In its second year, the Torstrassenfestival presents concerts, fashion shows, DJ sets, comic exhibitions and barbecue parties. It's a far cry from the street's previous incarnation. All but destroyed at the end of World War II, it was re-built by Soviet occupying forces in the typically bland and functional architectural style of the time.

Wilhelm-Pieck-Strasse, as it was known then, named after East German leader Wilhelm Pieck, was a broad tree-lined avenue. Typical of the anti-consumerist stance of the communist East, it offered very little to the visitor or the resident.

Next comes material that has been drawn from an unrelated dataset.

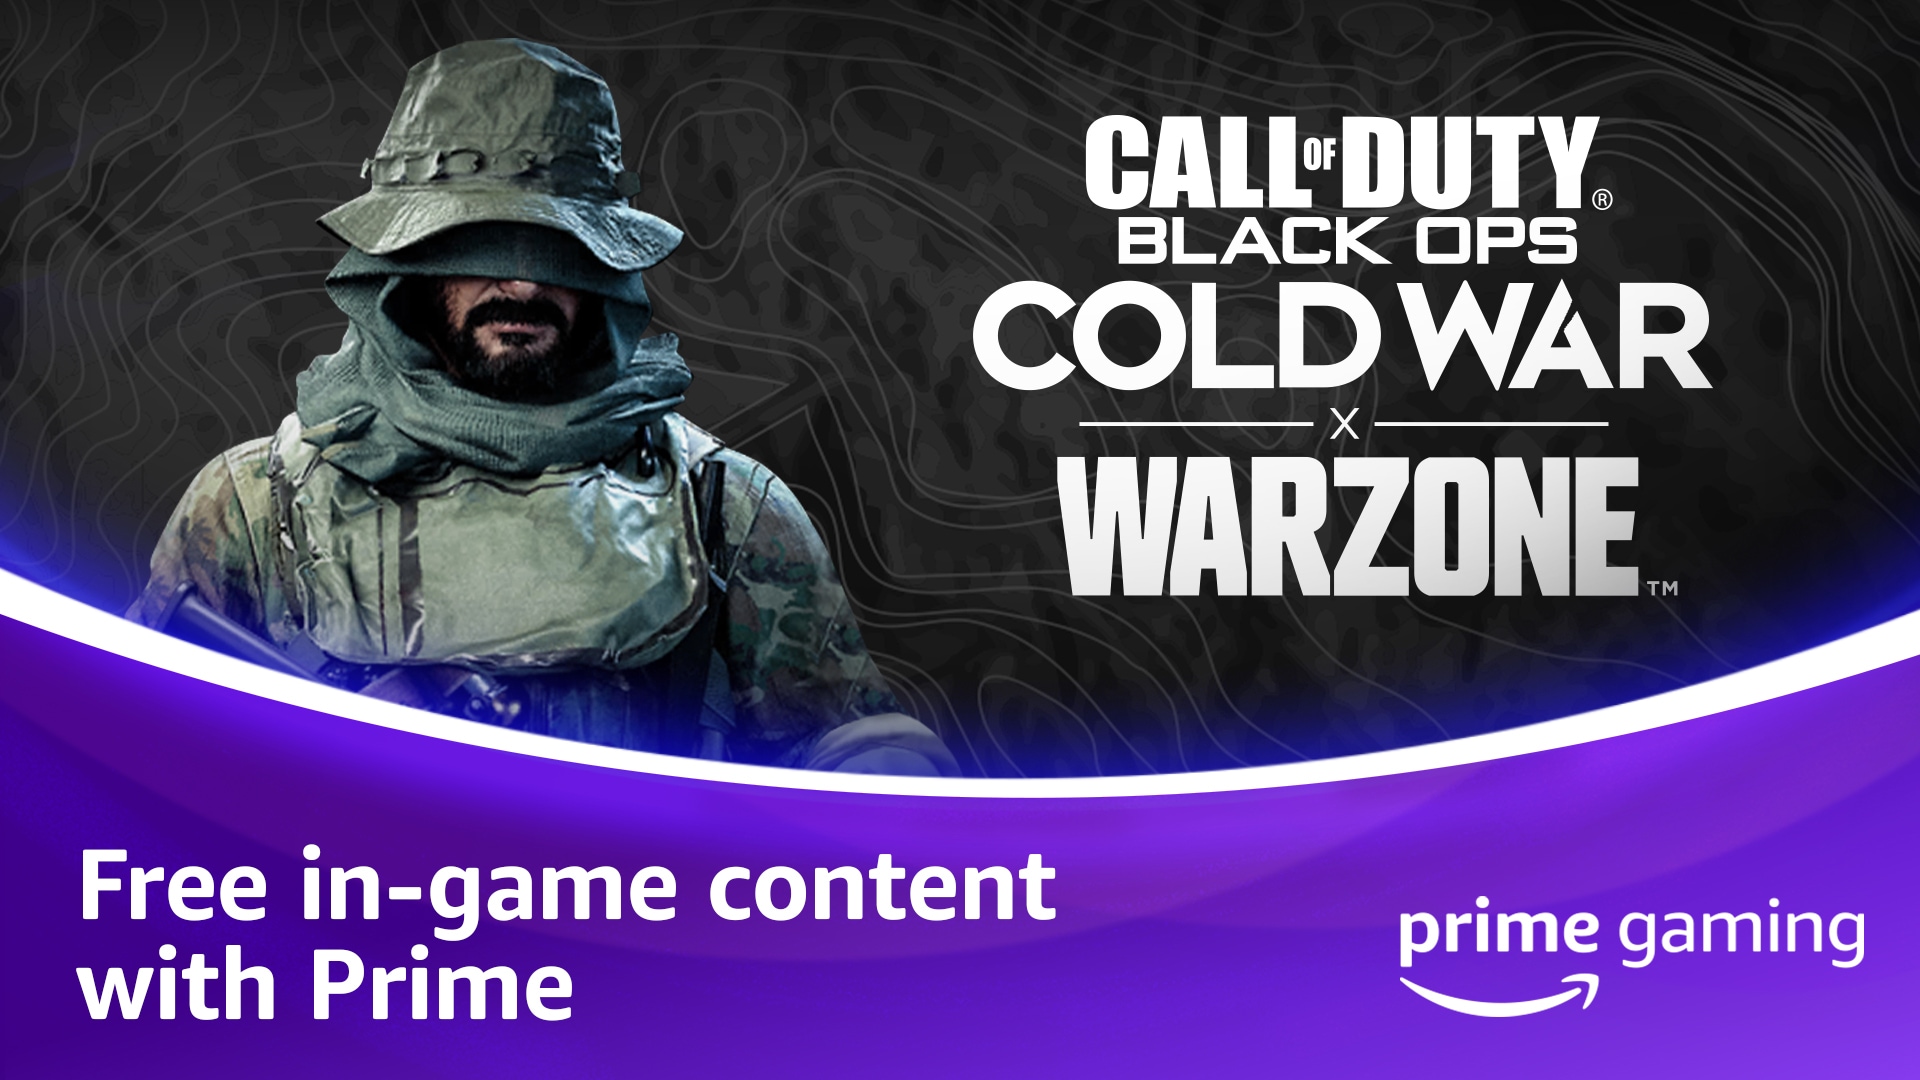 Arrivano le ricompense Prime Gaming per Call of Duty®: Black Ops Cold War, Warzone™ e Mobile per i membri Prime

These days, things couldn't be more different. Torstrasse, as it was renamed in 1994, is a vibrant, bustling strip brimming with coffee shops, fashion stores, tattoo artists, knickknack shops and a liberal smattering of hotels with the exclusive Soho House standing proud at the end of the street. In an ironic twist of fate, this luxury hotel is in the building where Pieck, the first and only official president of East Germany, had his office.

Torstrasse in Berlin during the 2011 Torstrassenfestival
Visitors pour out of a club and into the street at last year's festivalImage: Dominic Simon

Talk to your neighbors

Melissa Perales, another of the Torstrassenfestival organizers, is originally from Chicago but has lived in the Mitte district for the last 16 years. She says the opinions of long-term residents to the changes in their beloved Torstrasse are mixed.

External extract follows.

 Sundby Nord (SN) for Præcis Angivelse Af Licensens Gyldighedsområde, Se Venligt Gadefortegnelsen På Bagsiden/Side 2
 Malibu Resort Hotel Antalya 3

"I know many are frightened of not being able to pay their rent," she said. "Of course they have a right to be afraid to leave the place they have called home for many years and this leads to anonymity among the residents. It's hard to judge the overall situation so easily. I think more important is what kind of neighborhood dynamic happens and what kind of overall space we allow each other in order to coexist."

And this is where the Torstrassenfestival plays an important role, in offering a communal, neighborhood-based event which encourages dialogue between long-term residents and the newer generation of Berliners.

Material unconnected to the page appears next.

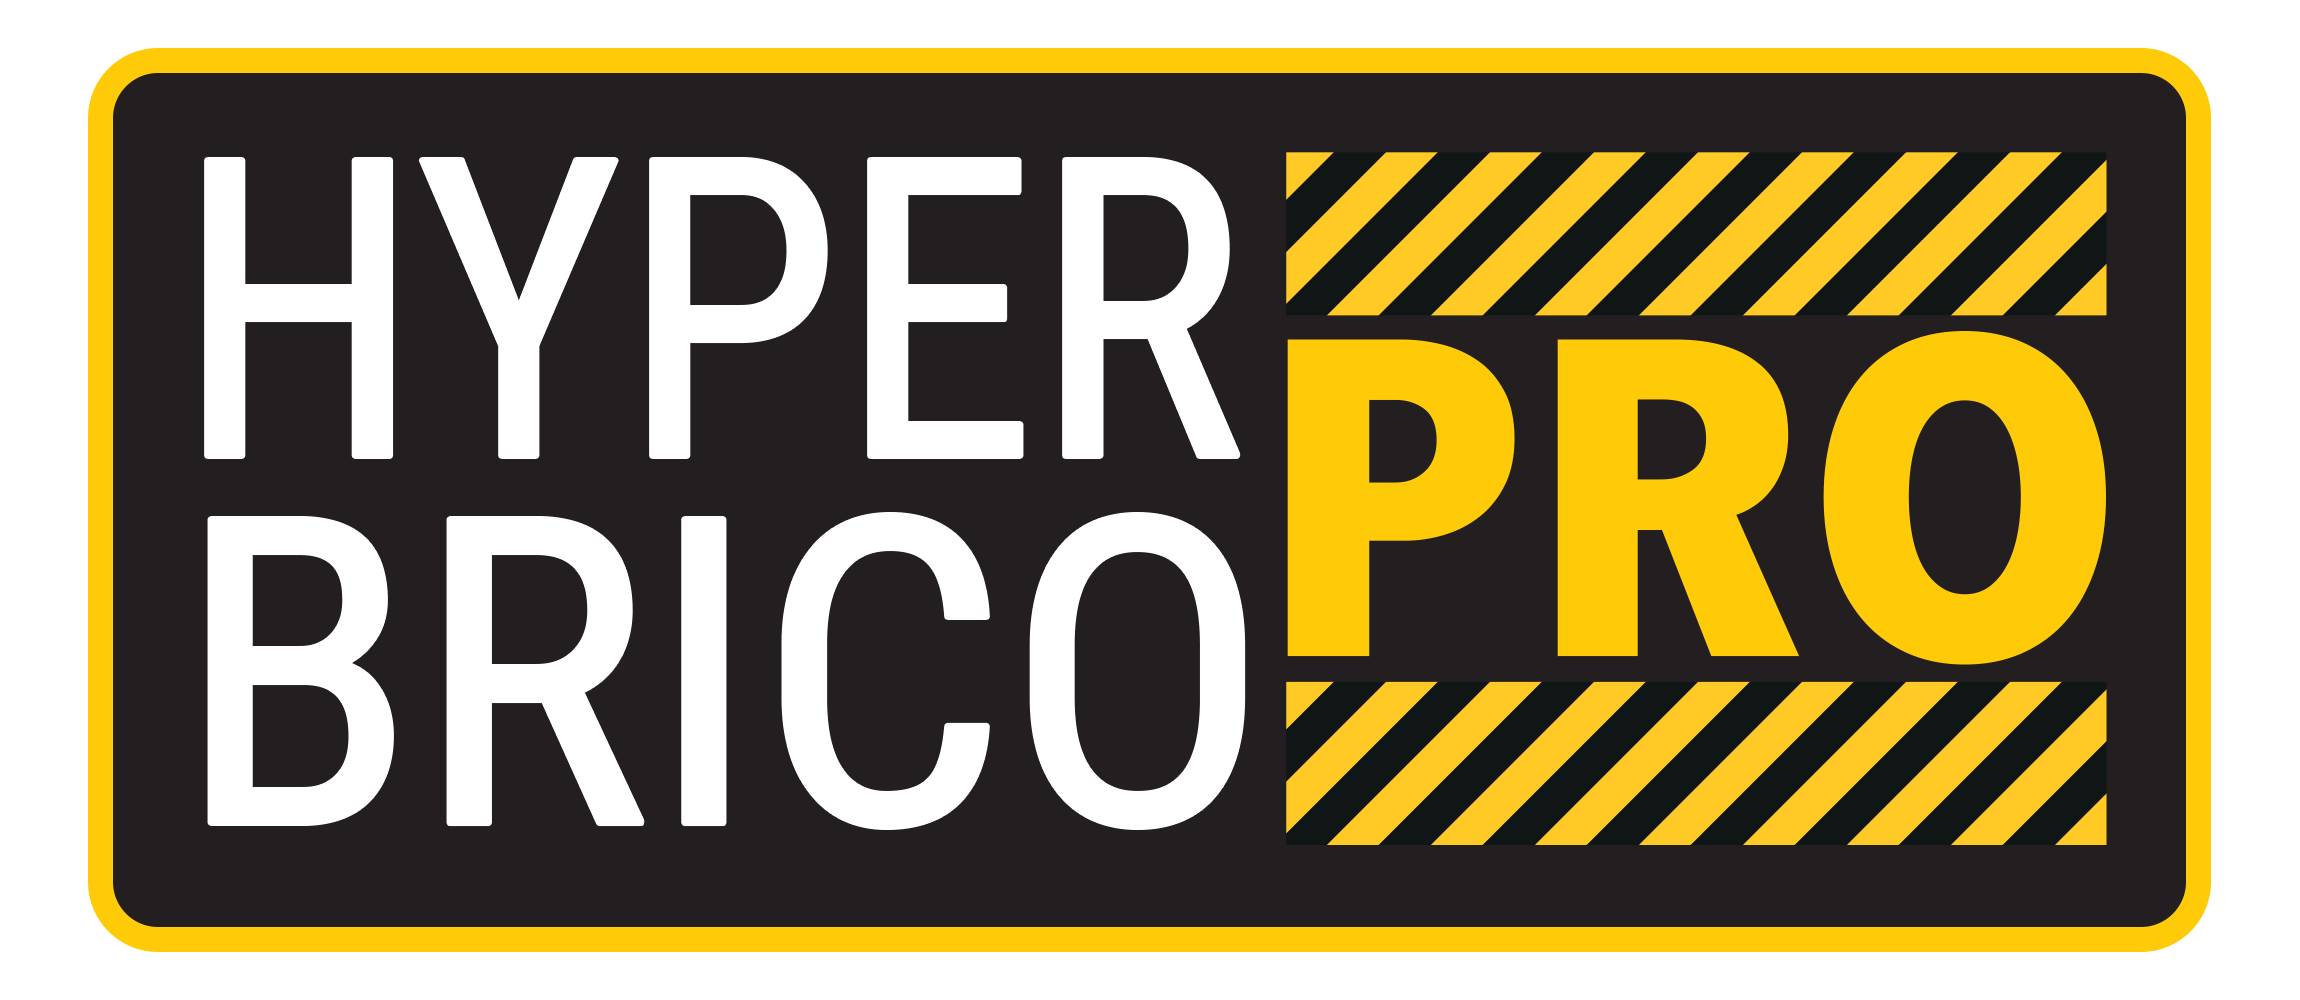 Hyper Brico Pro

"I would like to think that we are doing something in the direction of bringing together old and new structures," said Perales. "I'm not much about complaining, I would rather do something. It's all about how you decide to make changes. We encourage diversity and try and maintain a good relationship with our neighbors, to let them know we are open to having them come on in. Maybe that is the key word here: respect."

Co-organizer and musician Norman Palm agrees. "We want people to meet, talk and exchange their thoughts: the bartender with the shop-owner, the hipster with the local pensioner, the investor with the squatter. We've seen all this happen at last year's festival. Understanding each other is the key and music feels like the right vehicle."

The musician and the little old lady

I'm reminded of a story a friend of mine - one of those dreaded Mitte hipsters that are an immediate target of hate for people who have lived in the area for 30 years - told me about last year's event. He had passed an elderly neighbor countless times in the stairwell and they'd barely spoken a word, each automatically assuming that the other didn't like them.

The former Wilhelm-Pieck-Strasse in Berlin, pictured here in 1982
The former Wilhelm-Pieck-Strasse, pictured here in 1982, used to be a rather barren avenueImage: picture-alliance/akg-images/Udo Hesse

"On the day of the festival I saw her walking along the street," he said, "And I thought to hell with it, I'm going to invite her to the gig I’m going to see. And she came with me! This little old lady standing in a club watching some raucous punk band. After it was over I asked her what she thought and she said 'Well, the music was awful but it was nice to be asked.' So maybe it made a difference after all."

If an event like the Torstrassenfestival is an excuse to forget prejudices and make an effort, even just once a year, then so much the better.

But of course it's easy for me to say that. After all, I couldn't give a hoot what my neighbors think of me.